Como sobreviver nesse mundo





Para sobreviver nesse mundo você precisa acima de tudo ter. Ter, ter, ter. Você precisa ter dinheiro, um ótimo emprego, ter muitos “amigos”, ter muita importância na sociedade, ter um carro do ano, ter um ótimo apartamento (na zona sul de preferência). É isso mesmo. Precisamos ter: do bom e do melhor – não necessariamente nesta ordem – para mostrarmos ao mundo que não somos fracassados, que somos abençoados, que “Deus ajudou quem cedo madrugou”.

Depois de você “ter” algo, você precisa “ser”. Você precisa ser lindo, maravilhoso, charmoso, bem vestido, hipócrita, ser descolado, ser o melhor, ser competitivo, ser egoísta, ser cara de pau, ser alguém que os outros querem que você seja. Você não pode ser você. Você tem que ser de acordo com as regras pré-escritas antes mesmo da sua chegada ao planeta. Se você – em algum momento insano da sua vida – resolver ser você mesmo. Ferrou. Já era. Esse mundo vai te engolir sem mastigar. Vai ser rápido, rasteiro. Então, sobreviva. Não seja você. 

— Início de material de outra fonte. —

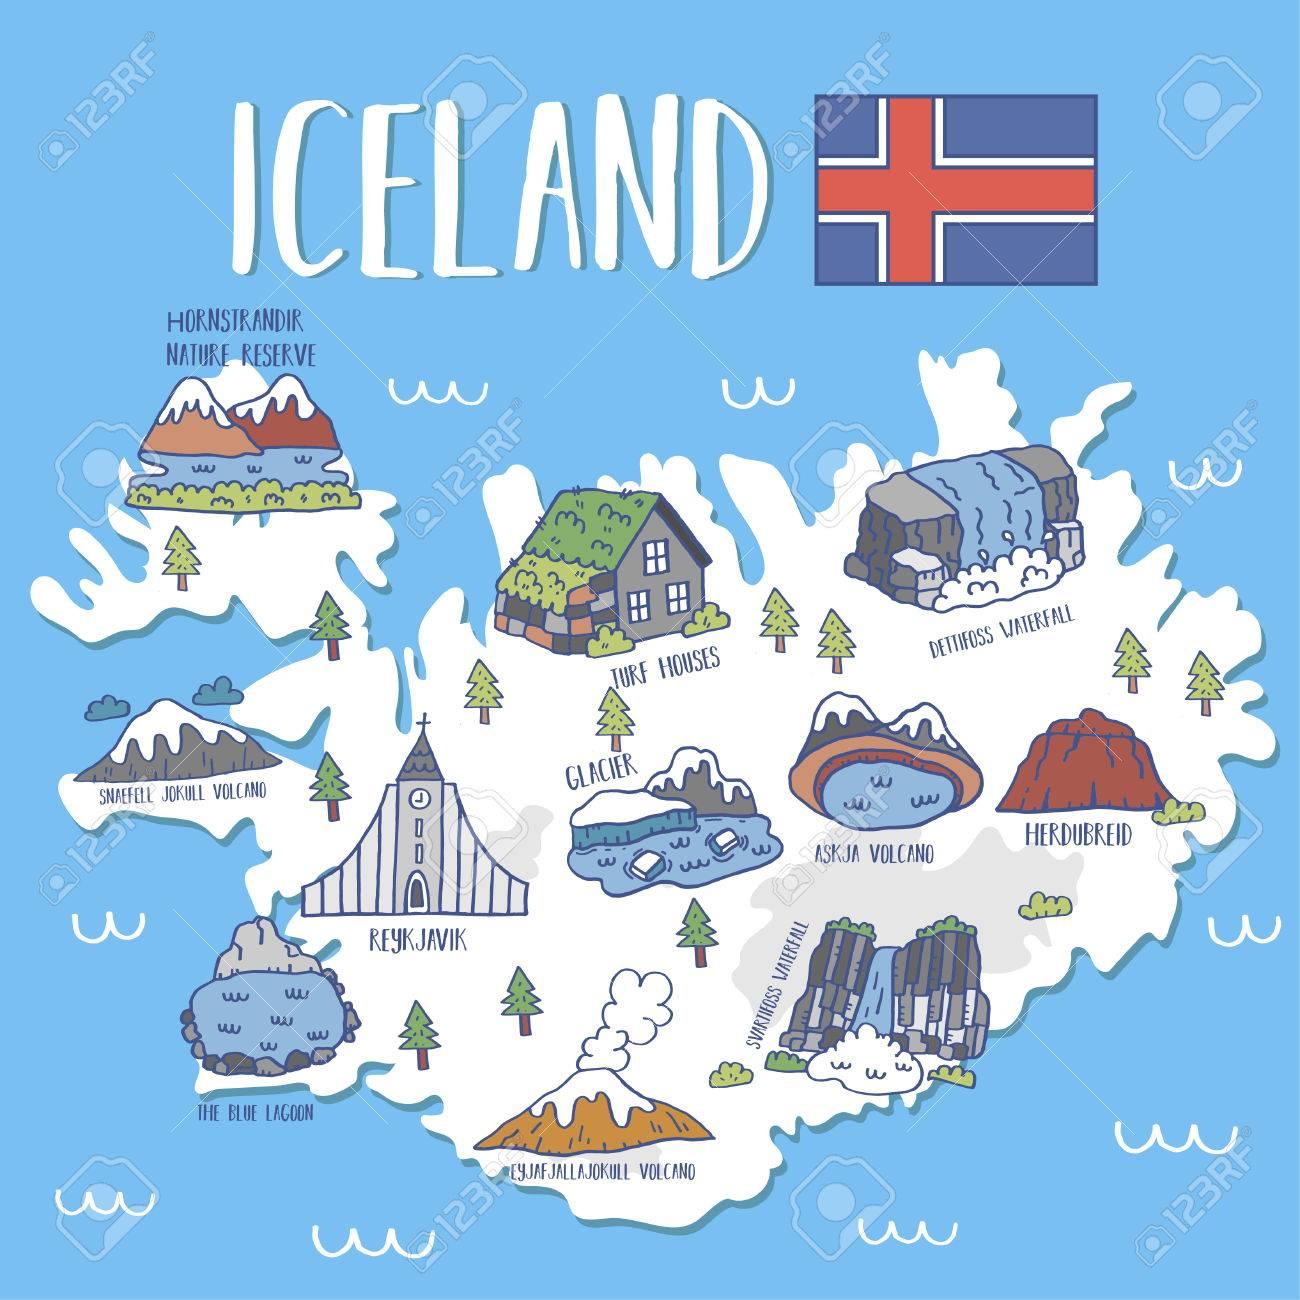 76445440-iceland-travel-map-vector-illustration.jpg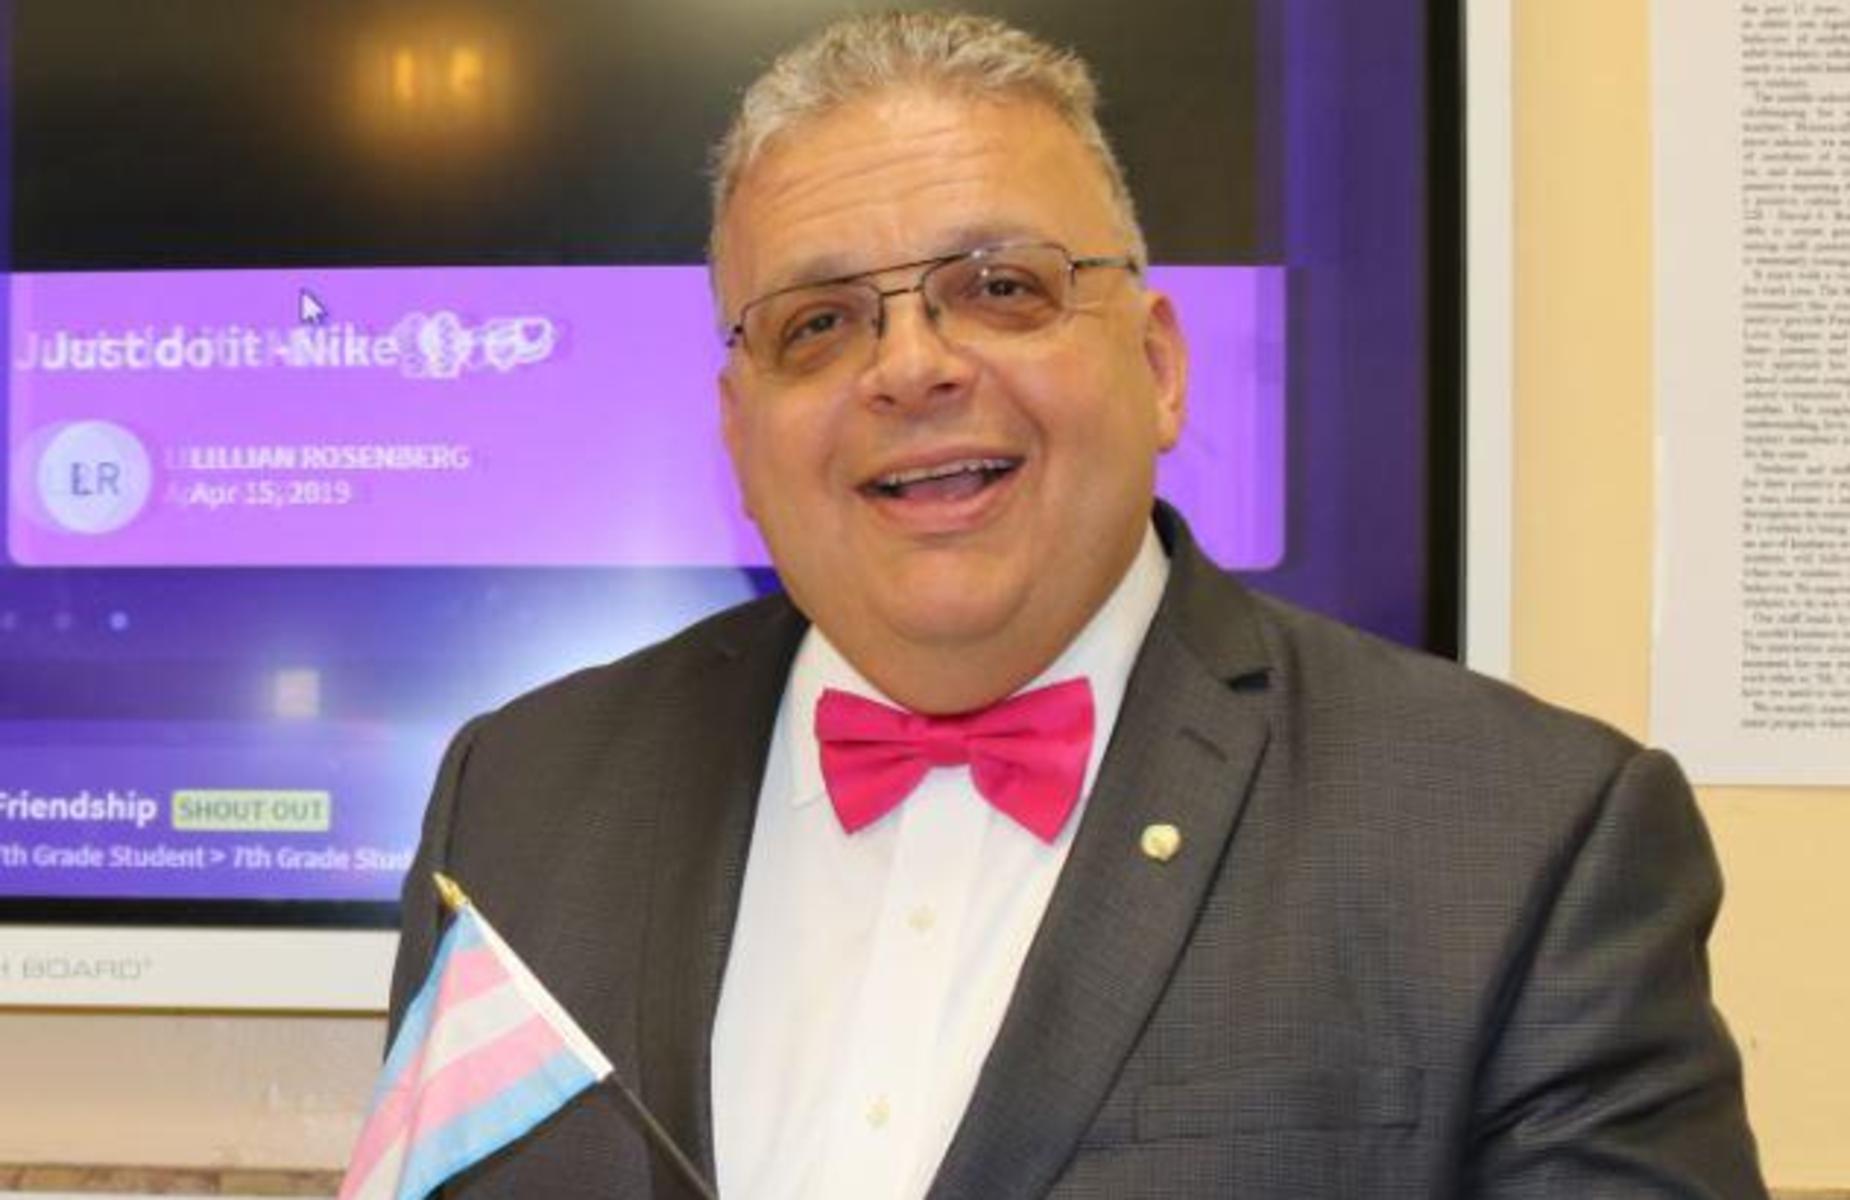 Mr. D'Angelo proudly holding the Transgender flag

Depois de você “ter”, “ser”, você precisa “fazer”. Faça qualquer coisa, algo que dê dinheiro para você e para os que te cercam. Não pode ser bondade, caridade, visita em asilo. Nada disso. Você tem que produzir. Fazer ganhar dinheiro. Fazer o mundo girar. Fazer acontecer. Essa é a realidade. Não adianta você fazer alguém parar de chorar. Não adianta você fazer alguém se sentir melhor. Você precisa – de acordo com as regras – fazer dinheiro. Não pode ser “gentinha”, morar no subúrbio, ganhar salário mínimo, nem ser inocente em achar que um dia as pessoas do business world vão te valorizar pelo que realmente você é.

É assim. Texto amargurado, não? Mas é isso. A realidade é essa. Você não pode mais ser a bondade em pessoa. A intelectualidade em pessoa. Não importa quantos livros você já leu, ou o quanto você sabe, um dia você vai entender que a melhor coisa é dar uma de burro. A vida é essa e pronto. Restaurantes caros, salões de beleza caríssimos, SPA, tem que ter mil mulheres, mil homens para estar dentro dos padrões “globais” e reais.  Não precisa ler mil livros, porque o que atrai o sexo oposto é a sua aparência: sarada, bem vestida. Ler pra quê? E sai fora os quilinhos a mais, desista, vá fazer uma dieta porque não rola, tem que ser magra, sarada, gostosa.

Nunca demonstre seus sentimentos. Por mais bonito que seja seu amor, por mais ardente que seja a sua paixão. Não fale nada. NADA. Como já disse Caio Fernando de Abreu "Nunca, jamais diga o que sente. Por mais que doa, por mais que te faça feliz. Quando sentir algo muito forte, peça um drink.". Não seja bobo, não seja boazinha. Não seja amoroso, formoso, carinhoso. Seja forte, rebelde, cruel, imponente, poderoso. Tenha o poder em suas mãos. E assim, se algo der errado, coloque a culpa no outro. Aliás, nunca erre. Essa é a regra. Não erre. Seja perfeito, ou pelo menos, finja ser.

Sobreviva. Vá em frente. Aos trancos e barrancos. Tenha. Seja. Faça. E se não conseguir. Ligue o seu computador e chore: por não ser tão hipócrita, tão lindo, tão maravilhoso, tão burro, tão perfeito, tão rico, tão poderoso. Chore por não conseguir ser falso, mentiroso, por ler vários livros, por procurar estudar, trabalhar honestamente, por morar no subúrbio, por comprar roupas na promoção. Chore muito. Escreva um  texto mais ou menos, publique no seu blog. Depois vá dormir, e deite tranqüilo, por não fazer parte dessa grande sujeira que o mundo se tornou.